Output the data verbatim, minus the images.

§ **Data segment**
========================================================================
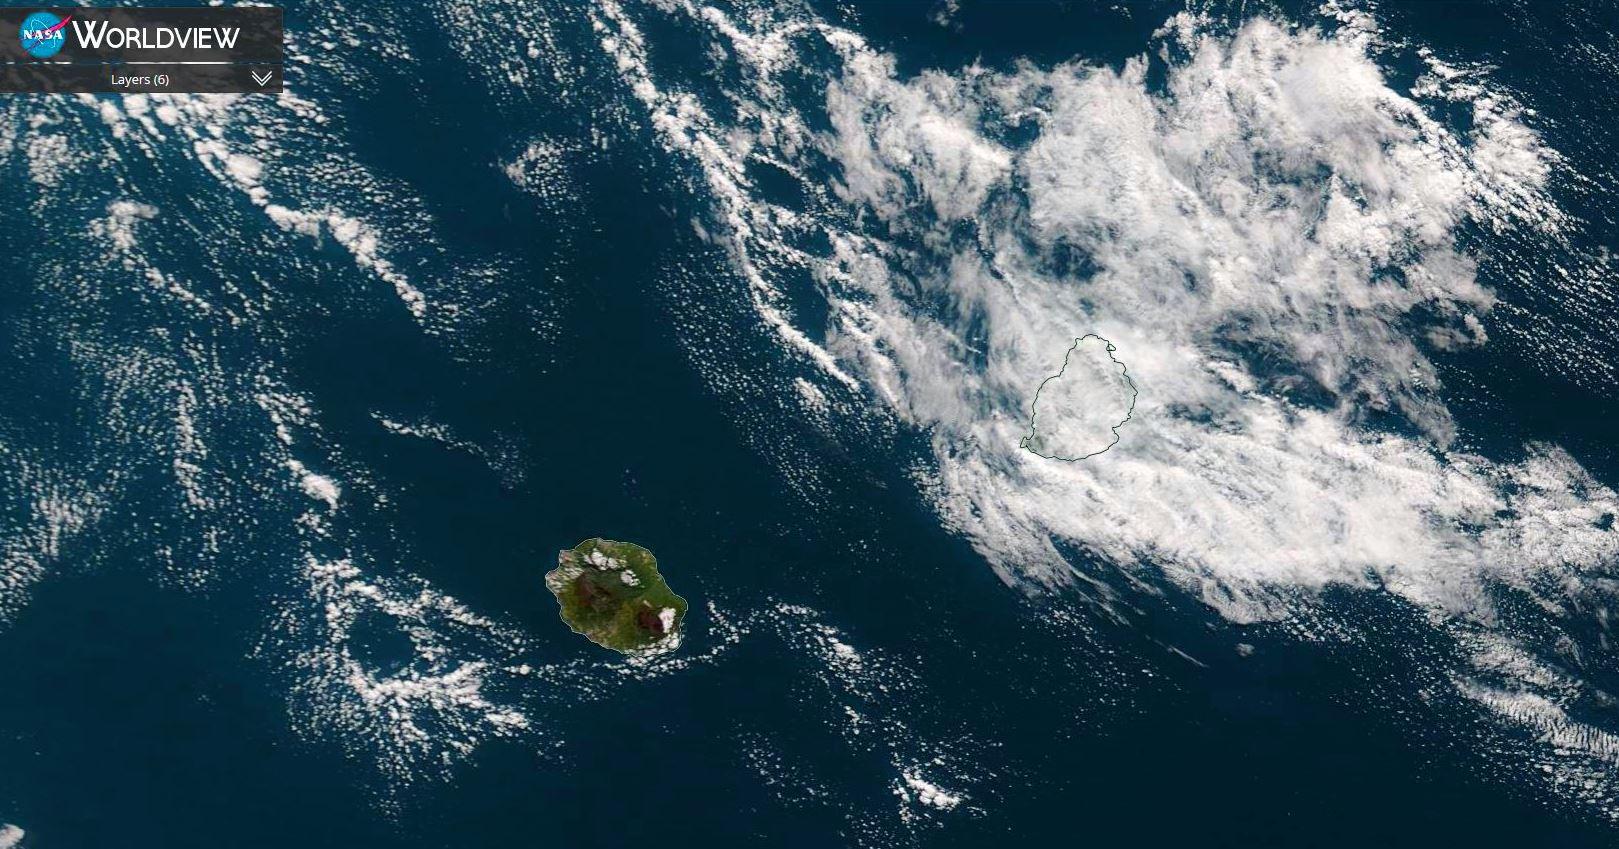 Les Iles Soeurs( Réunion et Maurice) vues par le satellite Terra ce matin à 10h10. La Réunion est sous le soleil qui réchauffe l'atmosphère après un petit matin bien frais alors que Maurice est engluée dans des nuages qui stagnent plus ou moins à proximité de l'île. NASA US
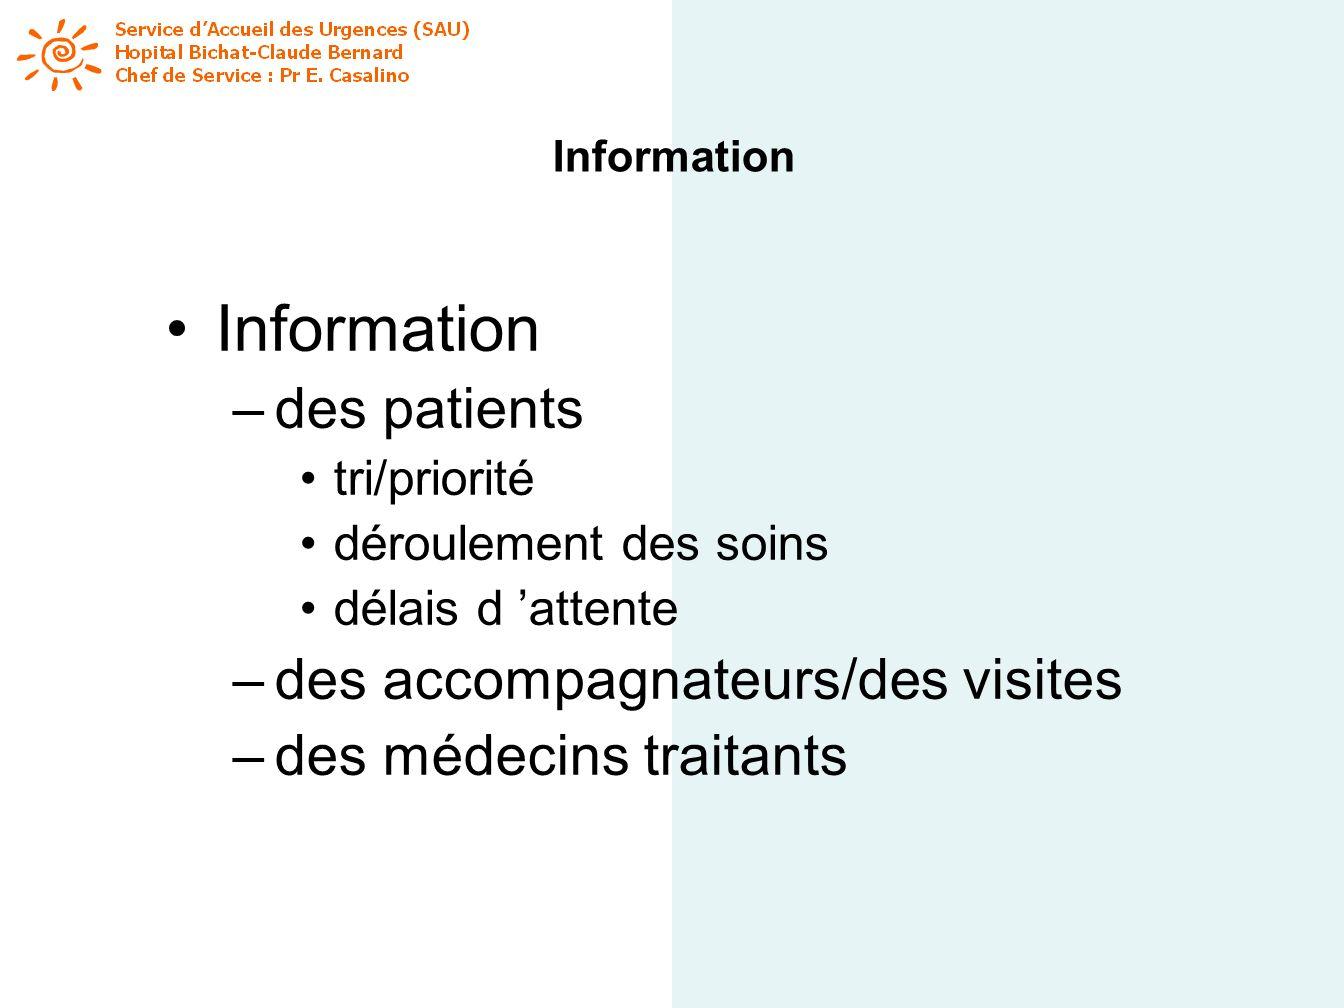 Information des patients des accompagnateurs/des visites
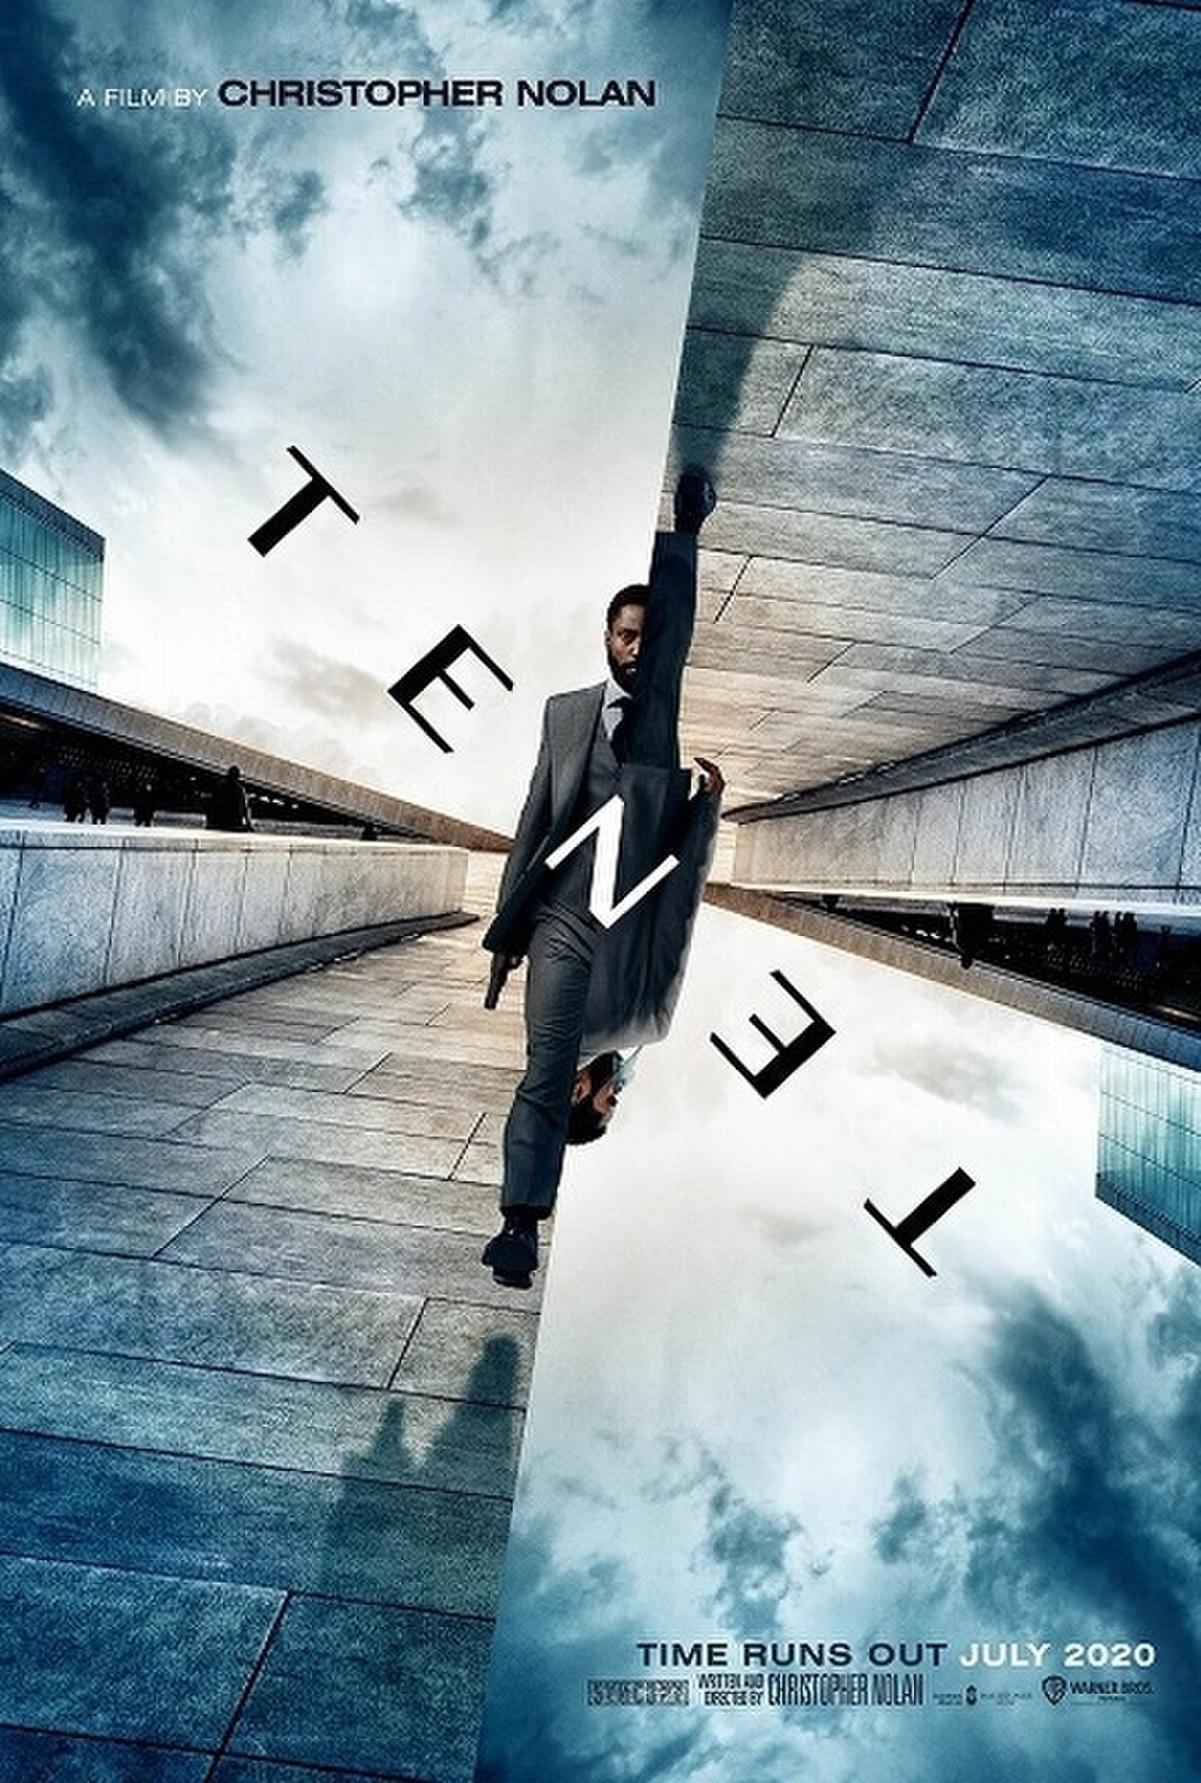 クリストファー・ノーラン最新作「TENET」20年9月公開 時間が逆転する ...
========================================================================
§ **Answer below**
 Les Iles Soeurs( Réunion et Maurice) vues par le satellite Terra ce matin à 10h10. La Réunion est sous le soleil qui réchauffe l'atmosphère après un petit matin bien frais alors que Maurice est engluée dans des nuages qui stagnent plus ou moins à proximité de l'île. NASA US
 Information des patients des accompagnateurs/des visites
 クリストファー・ノーラン最新作「TENET」20年9月公開 時間が逆転する ...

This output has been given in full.